Phenomena, Comment and Notes
As scientists probe deeper into whether animals really have consciousness, peripheral questions arise. If they think, do we really want to know what they think . . . about us?
- By John P. Wiley Jr.
- Smithsonian magazine, February 1997, Subscribe
(Page 2 of 4)
"When we come to the creek, I just walk across. What else? He stops, sticks out a foot, makes a big deal of stepping from rock to rock, finally gives a little jump to the other side. Why is he so afraid of water?
"Then the ground starts going up toward the sky. Big deal. I just keep walking. He comes up on an angle so he has to walk twice as far to get to the top. He is breathing hard like he has been running, but he has barely been moving. I'm feeling so good I can hardly keep my feet on the ground. So I race along the side of the hill, back and forth, in sheer exuberance. He finally makes it to the top, to the end of the pasture, to a fencerow that has come straight up the hill. Now I'm getting good smells, fresh ones. In and out of the bushes. Mice. Foxes. Weasels. Dogs trying to mark my territory.
"Across the top of the hill. On one side of us now are the trees that always stay green. I can smell the leaping wild ones. They're here; I know they're here. Sometimes I find places full of their scent where the grass is all mashed down: the places where they sleep.
"We're alongside the naked trees now, walking easily where eight-foot-high flowers made it tough in the summer. He always crosses the barbed wire at the same place, where a rotting log makes it easier for him to step over. Being vertical must be a drag. I can walk under the fence in a hundred places.
"As we make our way through the bushes on the other side of the fence, we emerge into another pasture. He follows a grass-eater trail that descends the hill on an angle, moving slowly down. I go straight down (the slope isn't that steep!) and get to the bottom in one-fourth of the distance. Here there's a truly tiny stream, and yet he looks for a shallow place to cross.
"Red alert! A hot scent fills my being and I'm off, running effortlessly with my nose only inches from the ground. I start the wrong way and feel the scent cooling. Reverse direction, and the scent gets warmer and warmer . . . and then ends in that same little stream.

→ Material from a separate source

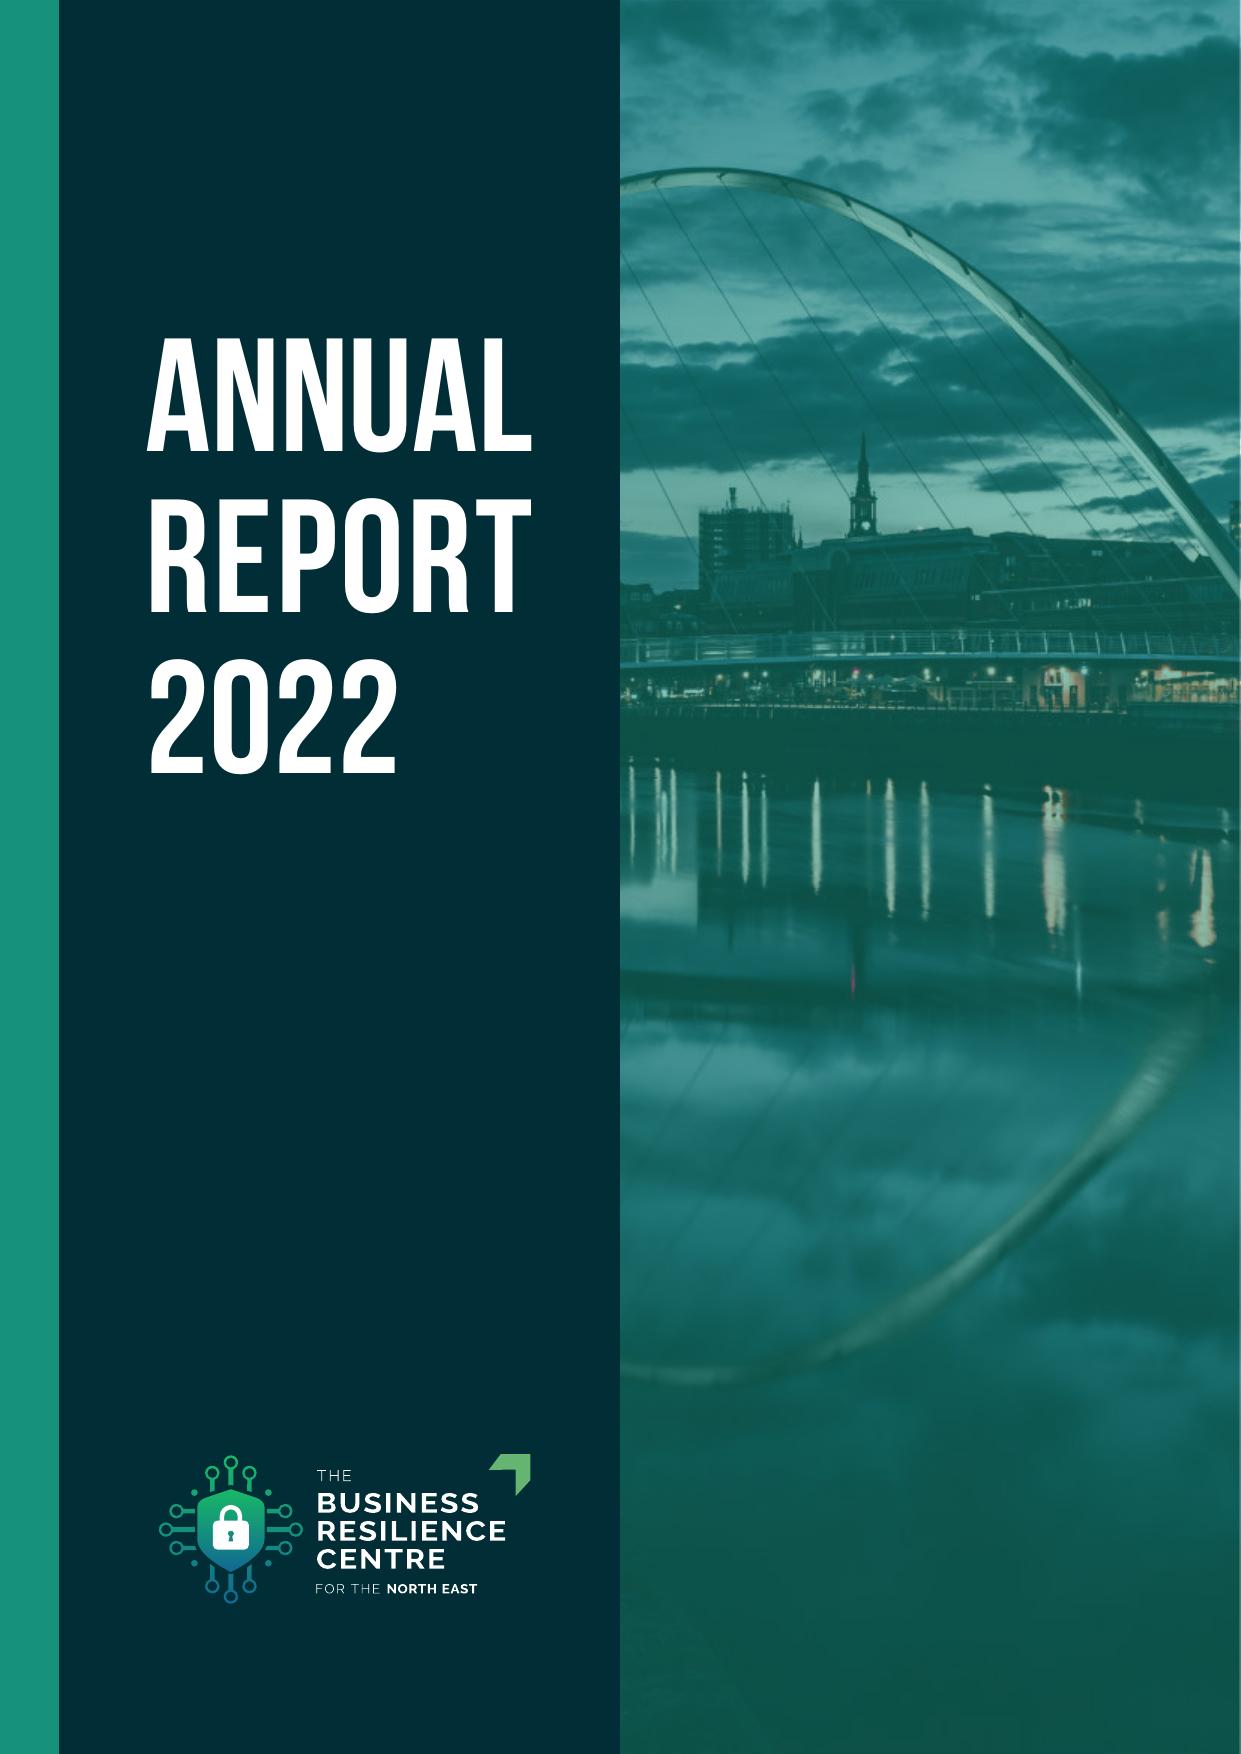 BRIGHTLINEIT 2023 Annual Report
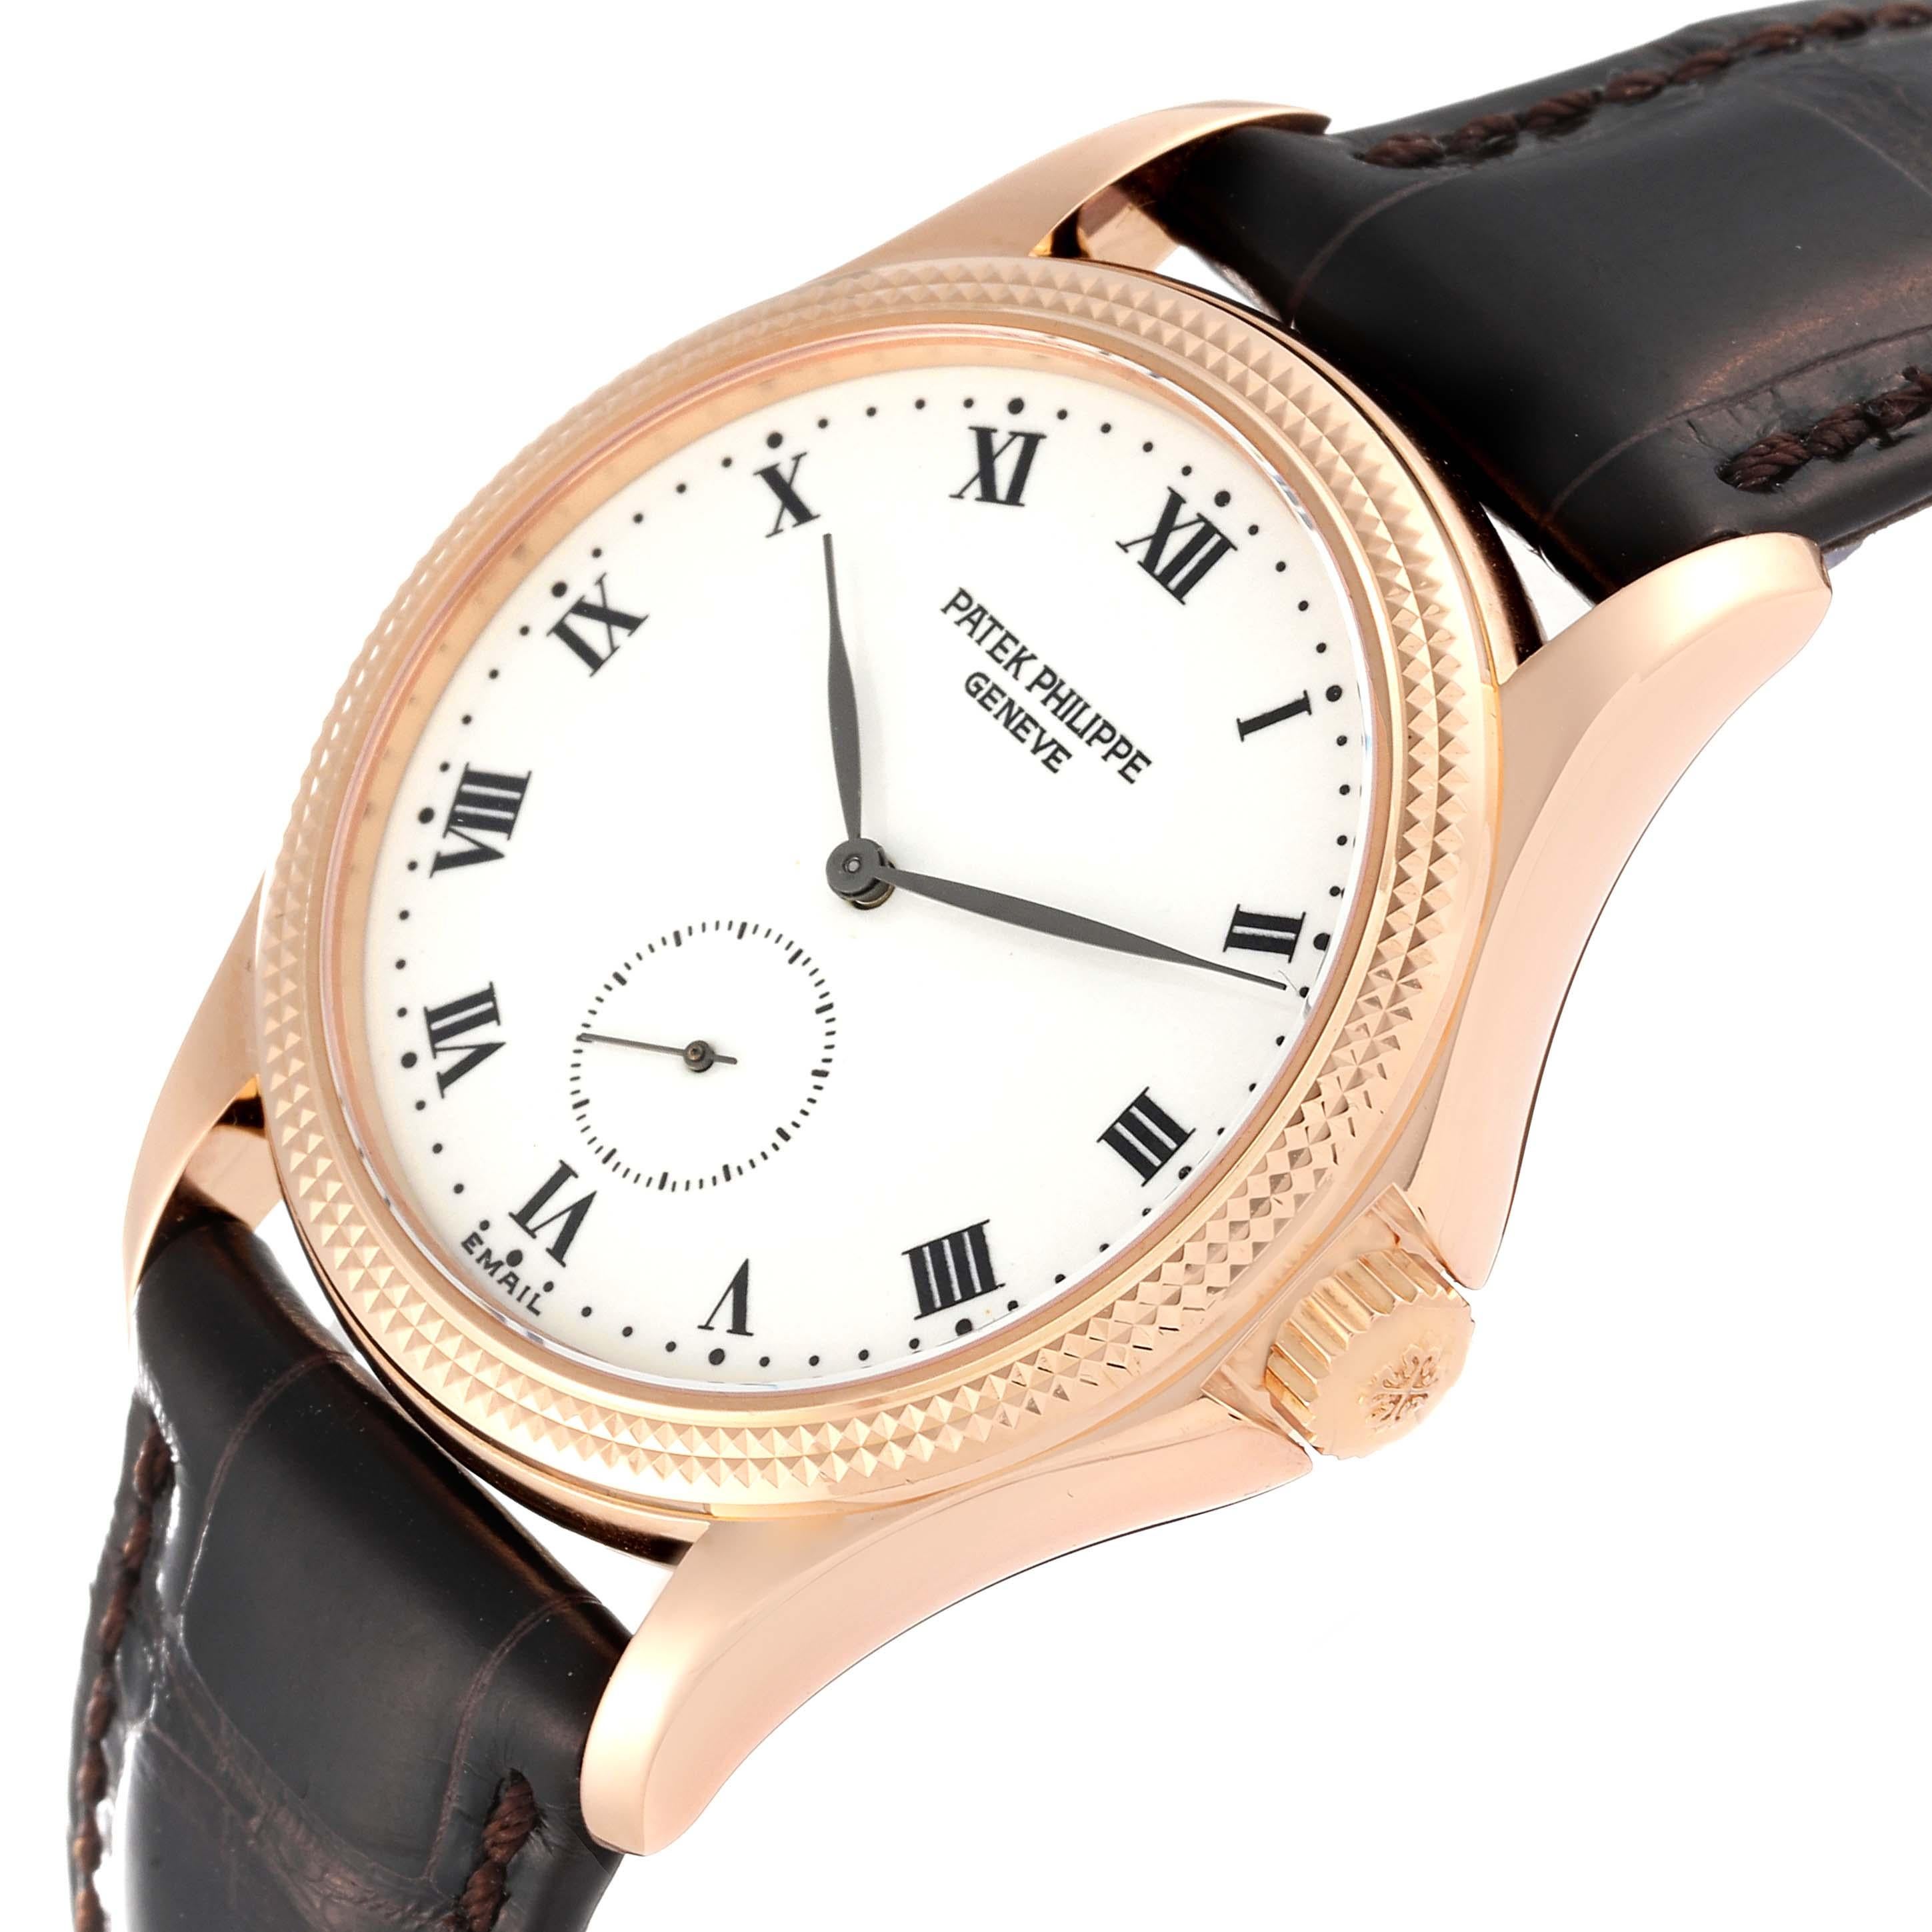 Patek Philippe Calatrava Rose Gold White Dial Mens Watch 5115 For Sale 3

"Across this pasture we come to the big stream and the pond below the dam. He always stops here and looks around, but I know there is nothing of any interest because we have walked into the wind and I would have smelled it. To go upstream we have to climb over a stone wall that extends out from the dam. I walk up and jump down on the other side and start to walk. Oops, no two-foot. I look back and there's Old Clumsy, carefully putting one foot on a rock in the wall, then another foot on another rock. The wall only comes up to his shoulders, but he acts like he'd be killed if he slipped. Finally he's on top and drops down to the other side, which is only a little jump.
"It's so much easier now than it was in the summer. But still the long skinny green stems catch in his outer pelt (fur is so much easier); sometimes he actually cuts a path. Across the stream a flier is making a sound just like a two-foot laughing.